View Full Version : Find duplicates based in a few characters


mkelly
09-23-2008, 09:03 AM
I have two tables I deleted the duplicates from each then did a union query based on name.
However the two tables named things different like vermont college vs vermont college inc.
Can I do a find duplicates based on sat the first 5 characters?
If so how.

Thanks in advance

georgedwilkinson
09-23-2008, 09:15 AM
This is a difficult problem. There are a couple of tools that can help but there are few perfect solutions.

I personally use a Jaro-Winkler algorithm for exactly your problem.
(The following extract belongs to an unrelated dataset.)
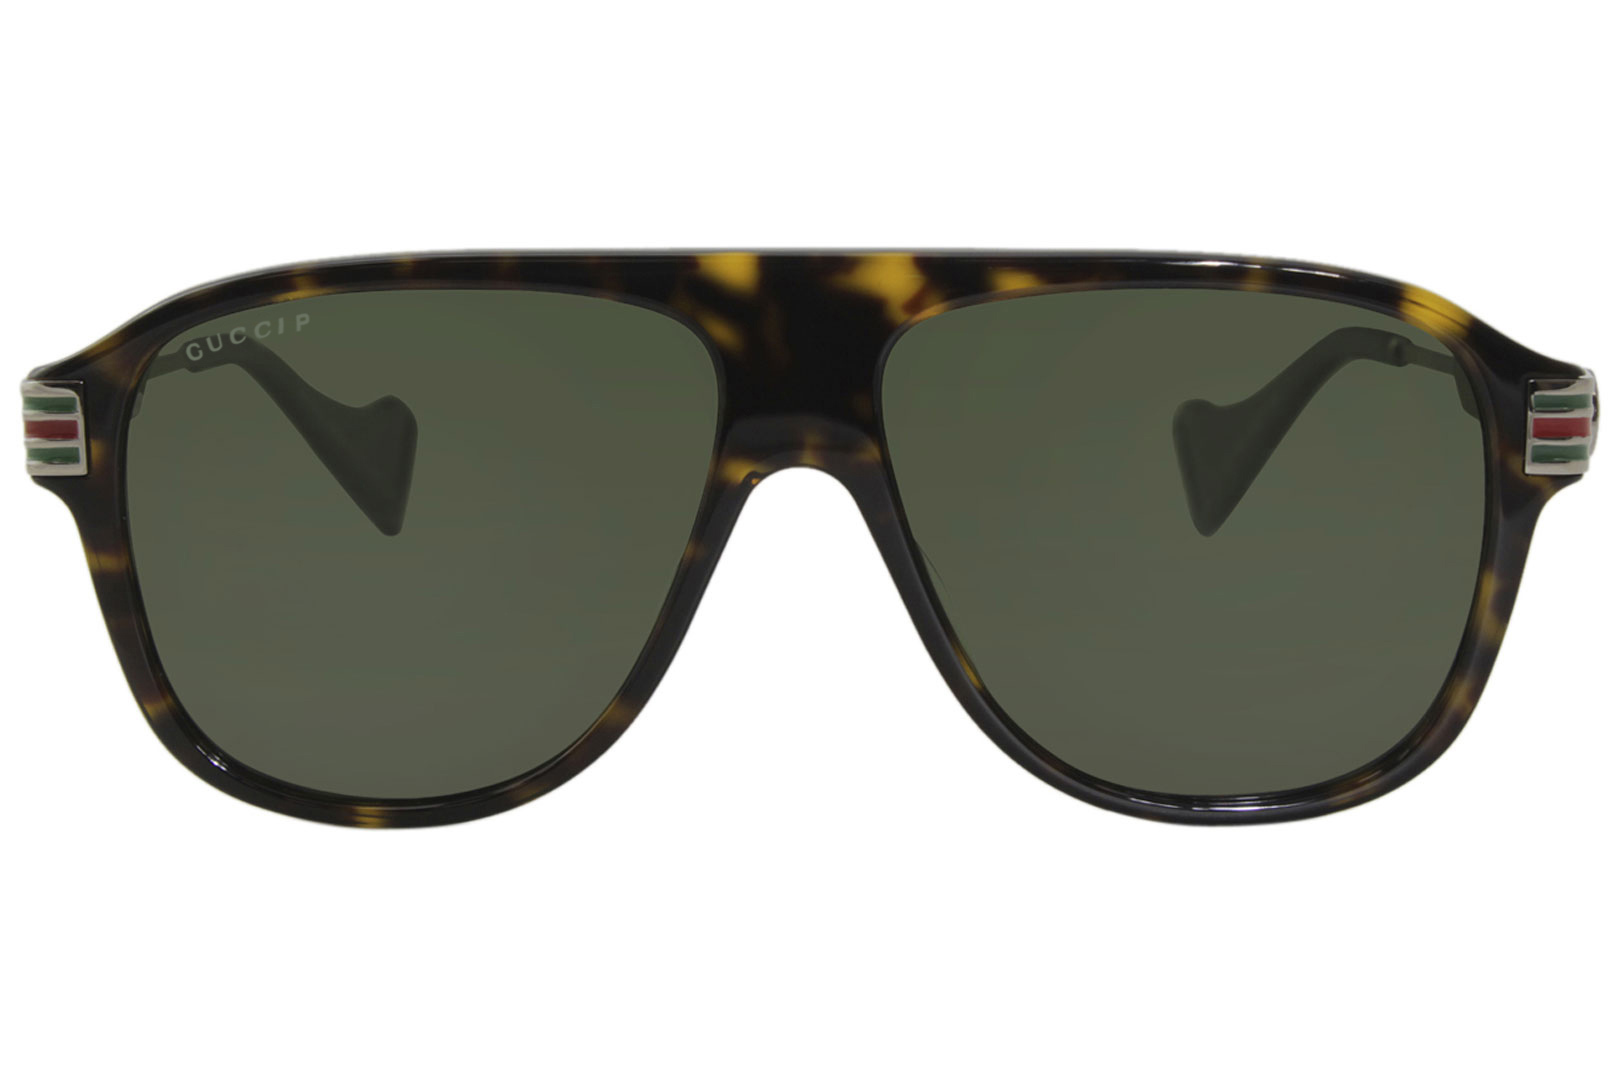 Gucci Gg0587s 002 Sunglasses Men S Havana Silver Green Lenses Polarized Pilot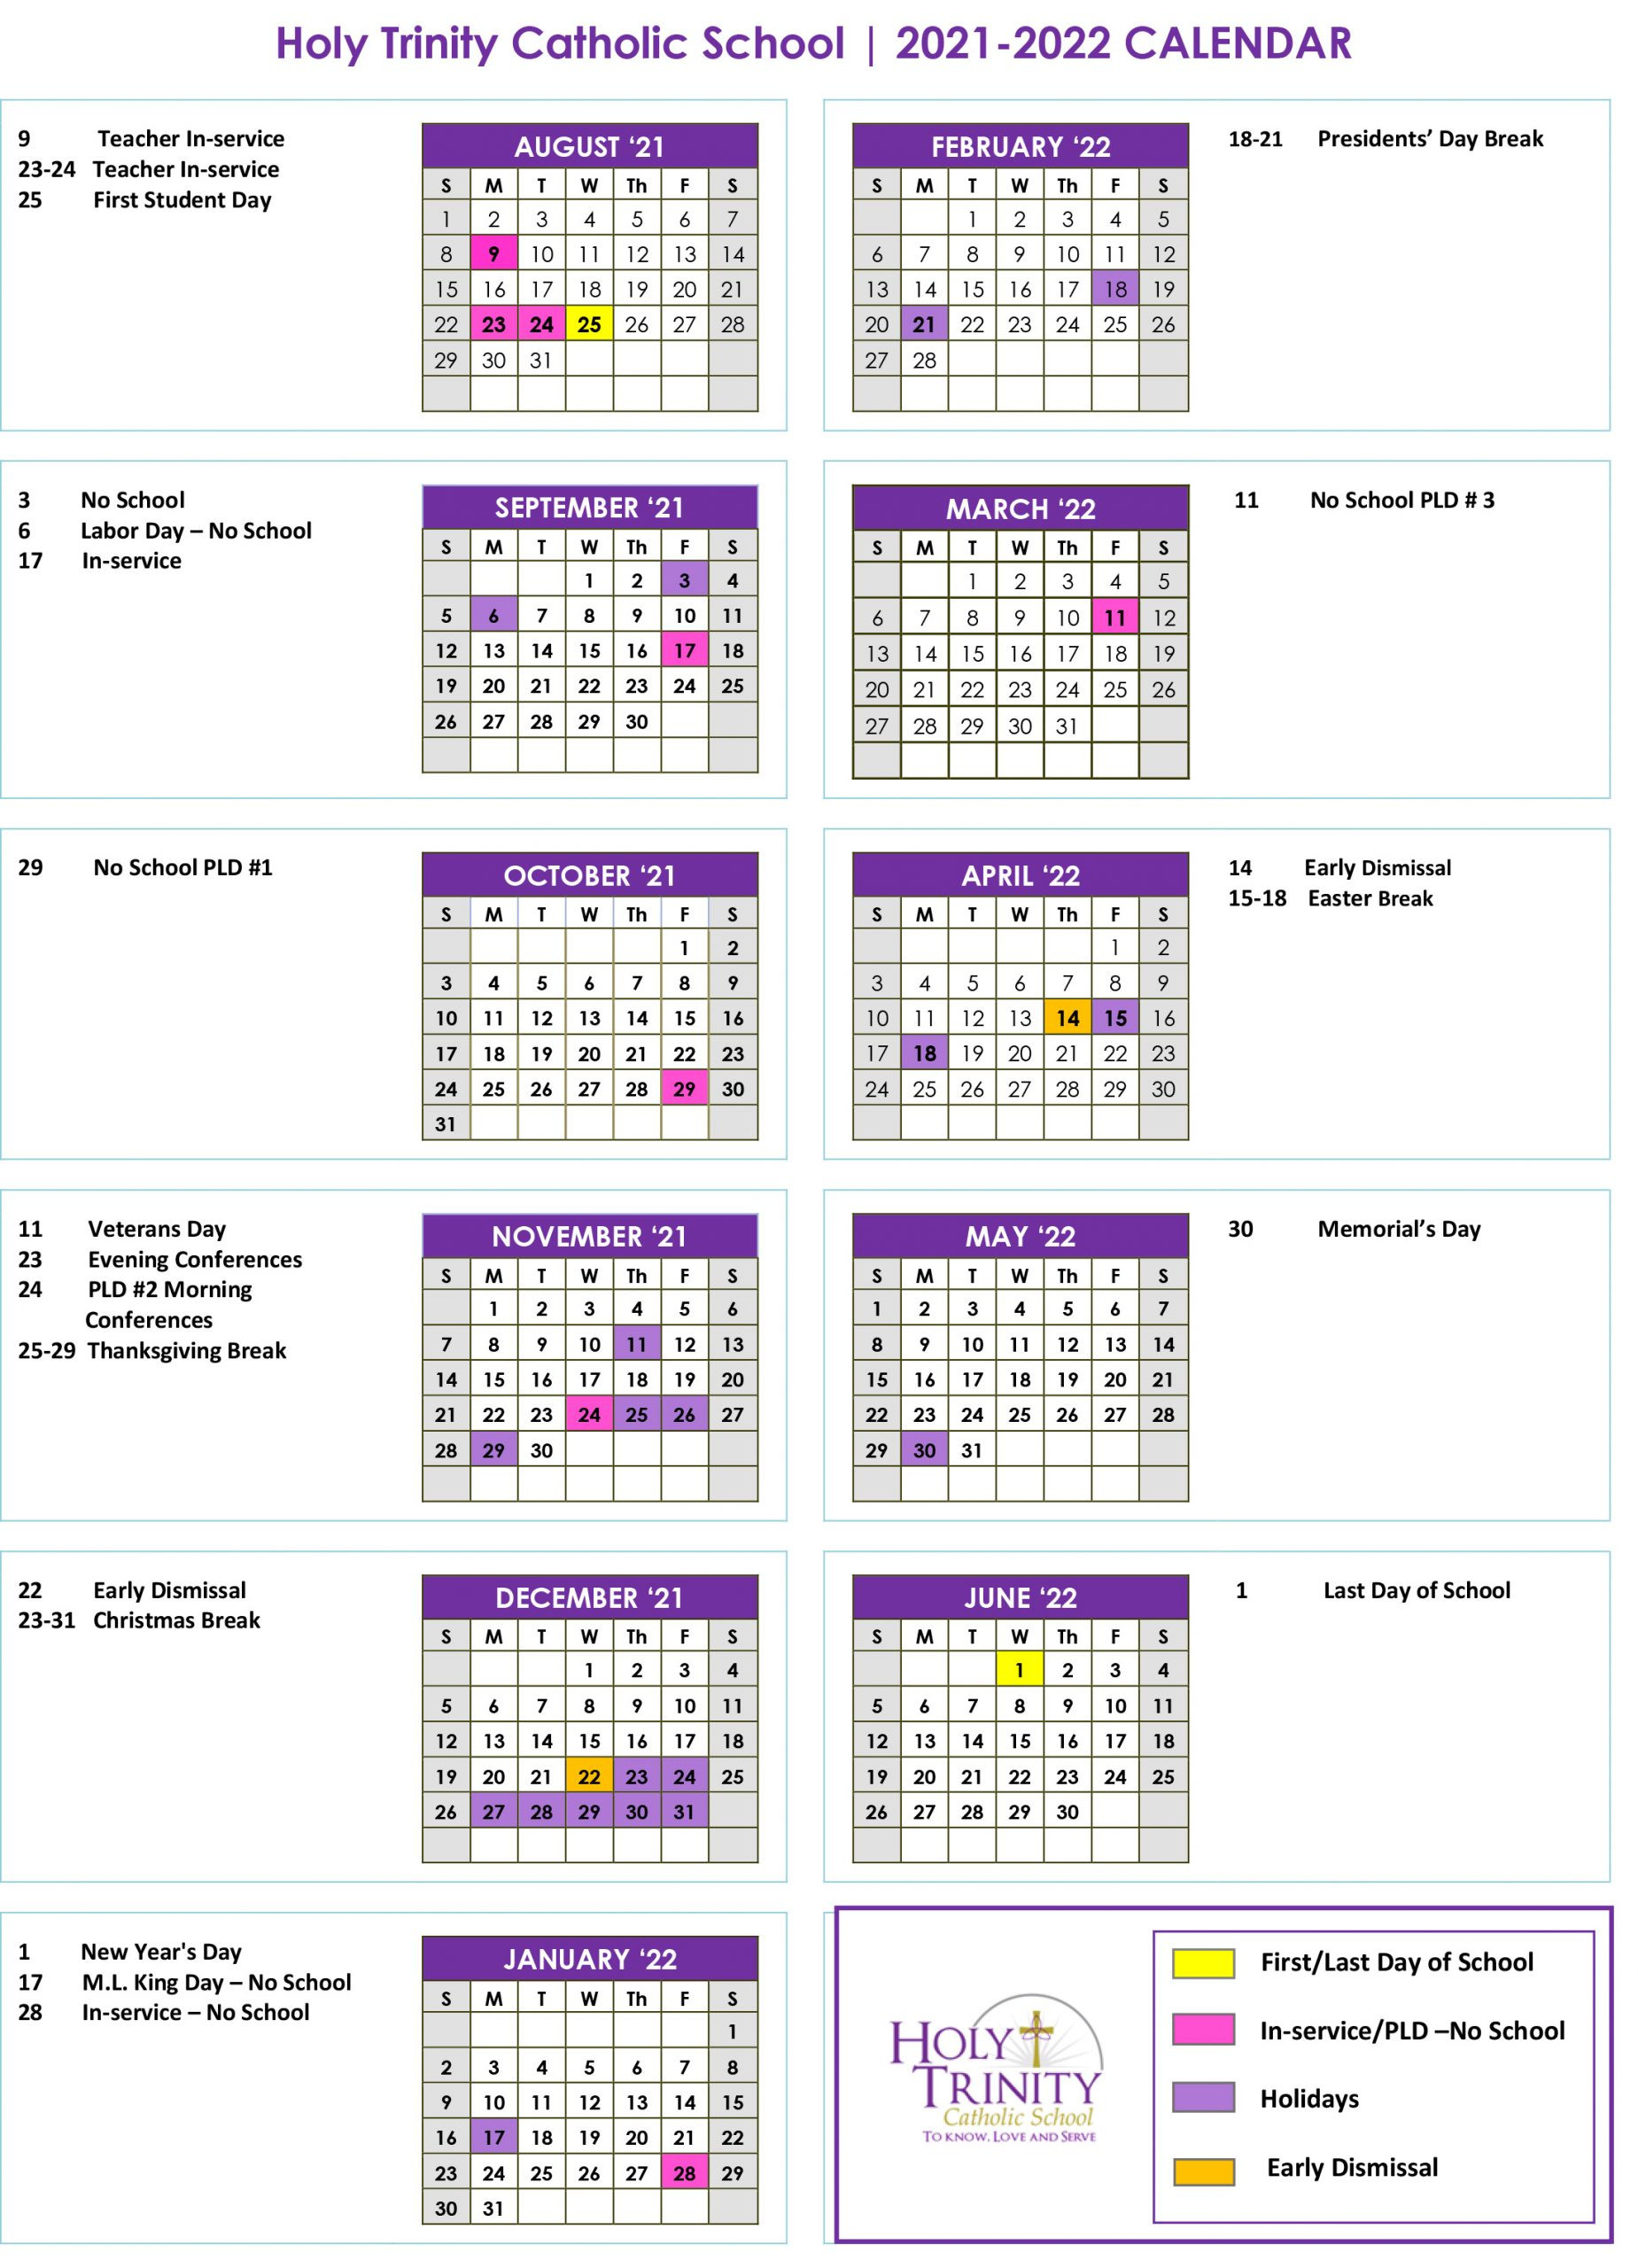 Academic Calendar 2021-2022 - Holy Trinity Catholic School, Altoona Pa-2021 And 2022 School Calendar Free Printable

It doesn't give a black/white answer...more shades of grey. It takes a human to evaluate the answer but it definitely culls the results down to a managable level.

You can also look at Soundex(). Same problem, you won't get an exact answer and will have a lot of mis-matches.

You can also compare using left(), which is in the spirit of your proposed solution. It can still give you an inaccurate reading, however.

mkelly
09-23-2008, 09:20 AM
Where would I use the left() command??

SELECT First([union duplicates].name) AS [name Field], Count([union duplicates].name) AS NumberOfDups
FROM [union duplicates]
GROUP BY [union duplicates].name
HAVING (((Count([union duplicates].name))>1));

Thanks

georgedwilkinson
09-23-2008, 09:29 AM
You're not going to be able to do it that way. How would SQL know which of the partial matches to use as [union duplicates].name?

mkelly
09-23-2008, 09:33 AM
If I don't have Jaro or soundex is there any way to do it?

georgedwilkinson
09-23-2008, 09:40 AM
I can provide you with both (just PM me with your personal e-mail address). You'll have to use a different approach, though. They don't work with aggregate functions. Same with left(). This is an insanely difficult problem to overcome using a single standard query.